▸ Task item
If pictures appear, leave them out, and return exactly the lines from the one holding "Die Punkies : Reboot, Baby!" through the last line of the listing below.

== Recorded data

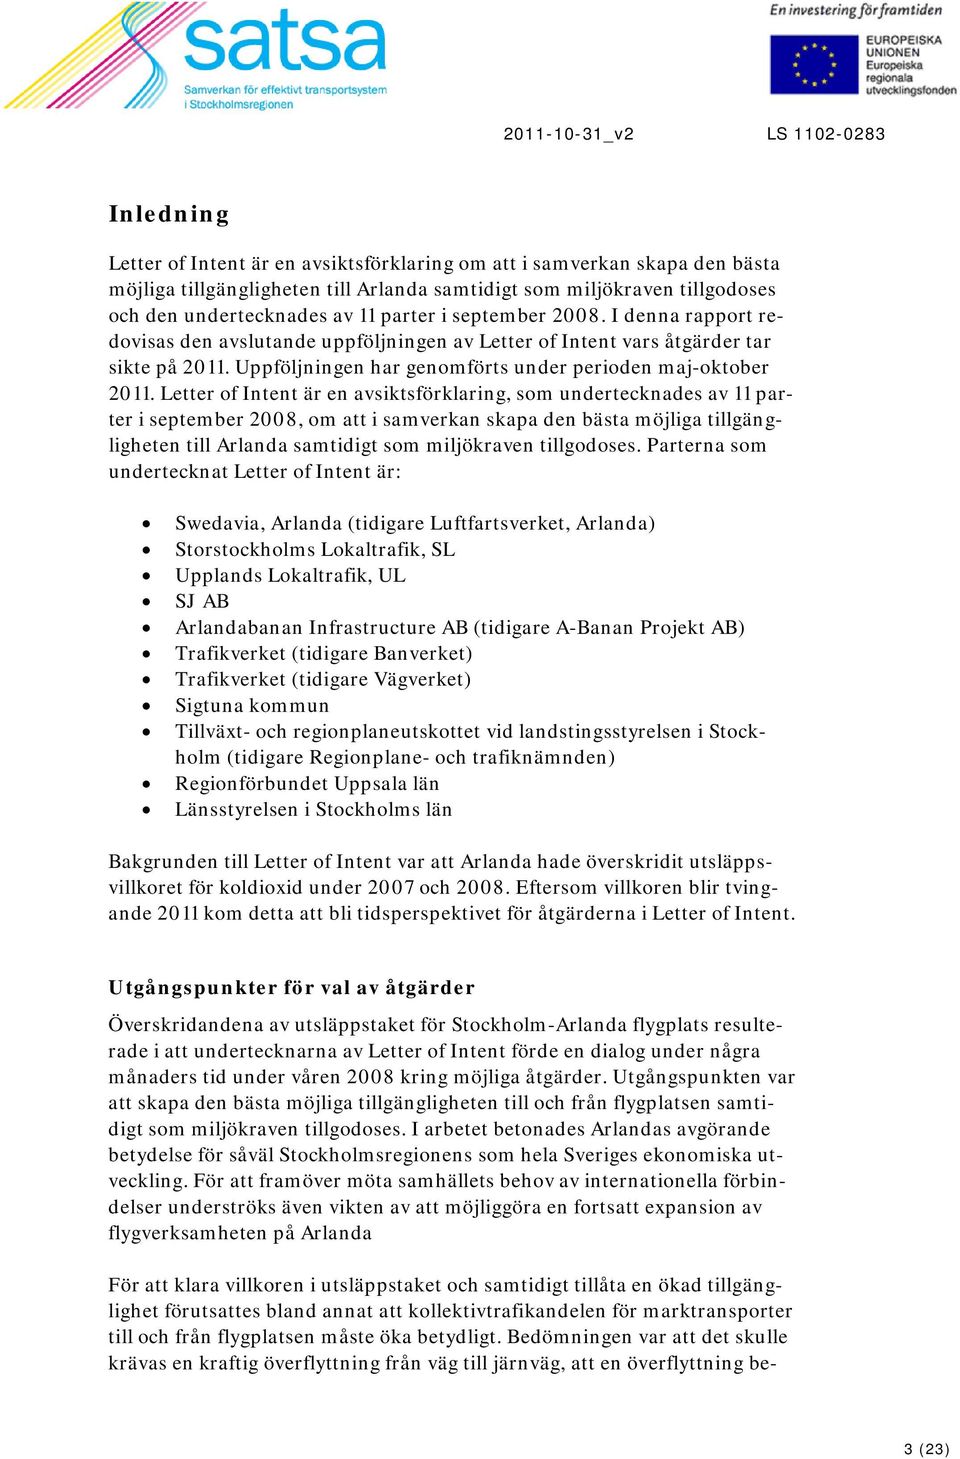 Letter of Intent är en avsiktsförklaring, som undertecknades av 11 parter i september 2008, om att i samverkan skapa den bästa möjliga tillgängligheten till Arlanda samtidigt som miljökraven
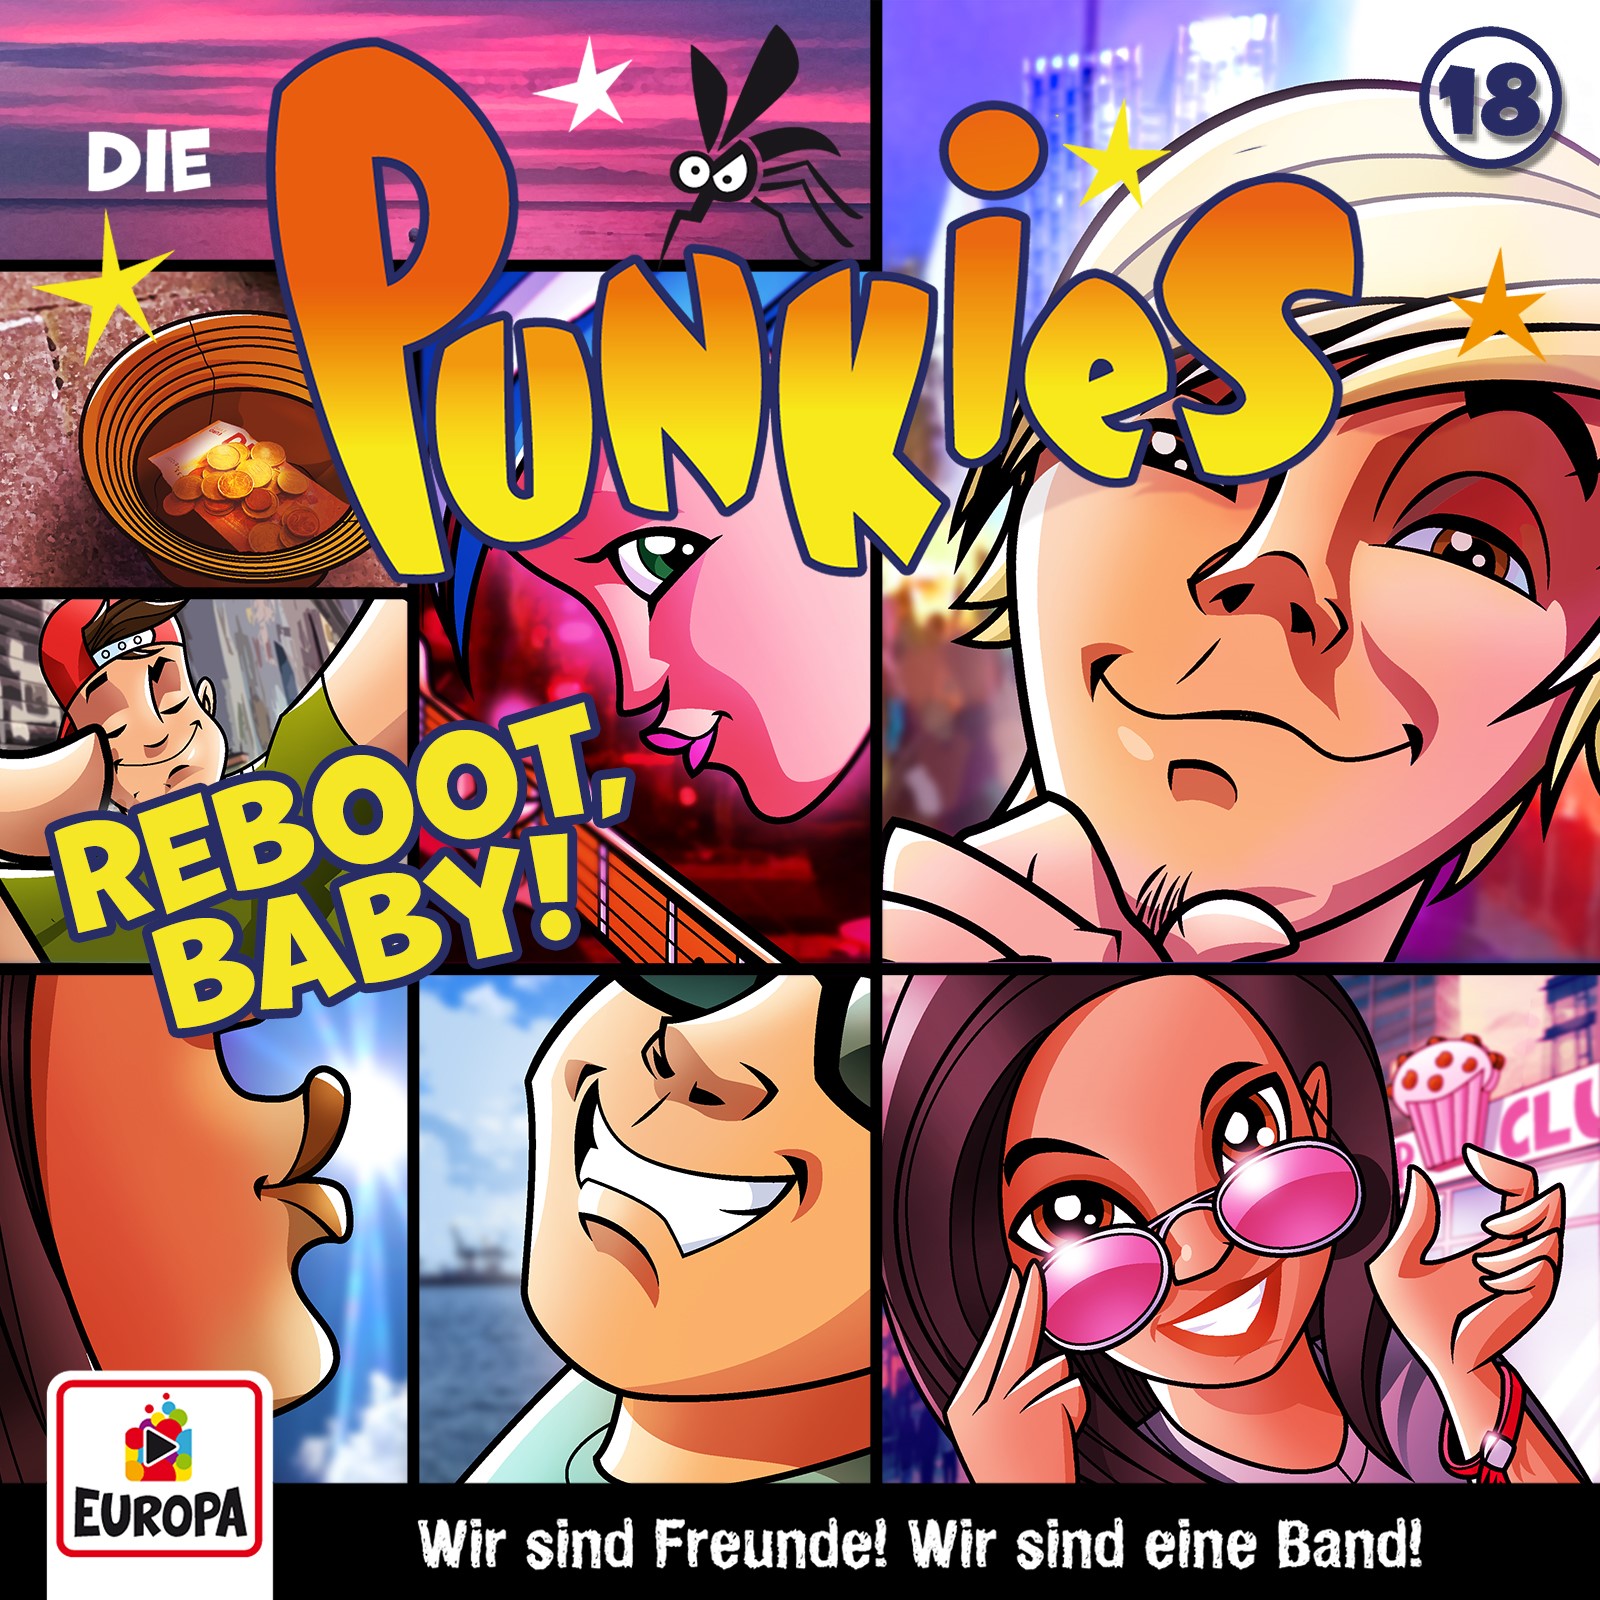 Die Punkies : Reboot, Baby!
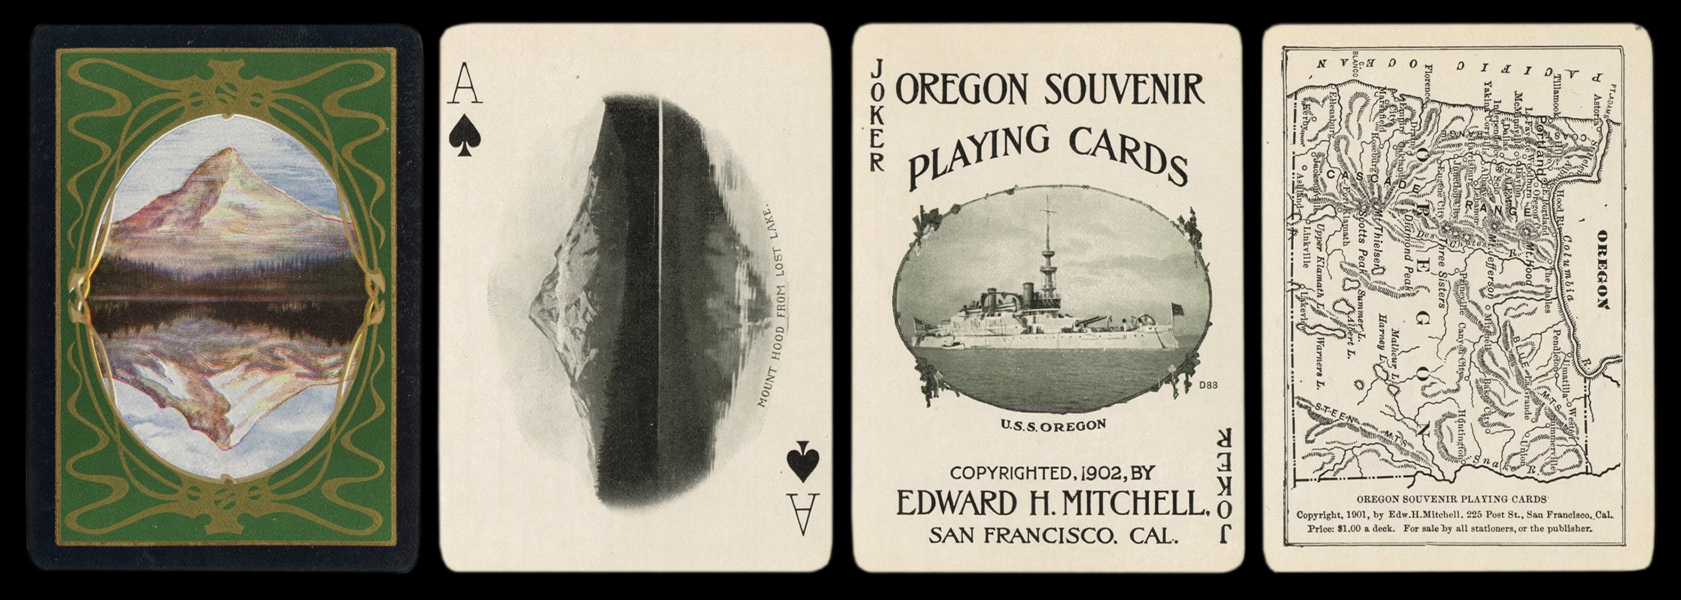  [Oregon] Oregon Souvenir Playing Cards. San Francisco: Edwa...

====

▸ Response for this exercise
 Die Punkies : Reboot, Baby!
  [Oregon] Oregon Souvenir Playing Cards. San Francisco: Edwa...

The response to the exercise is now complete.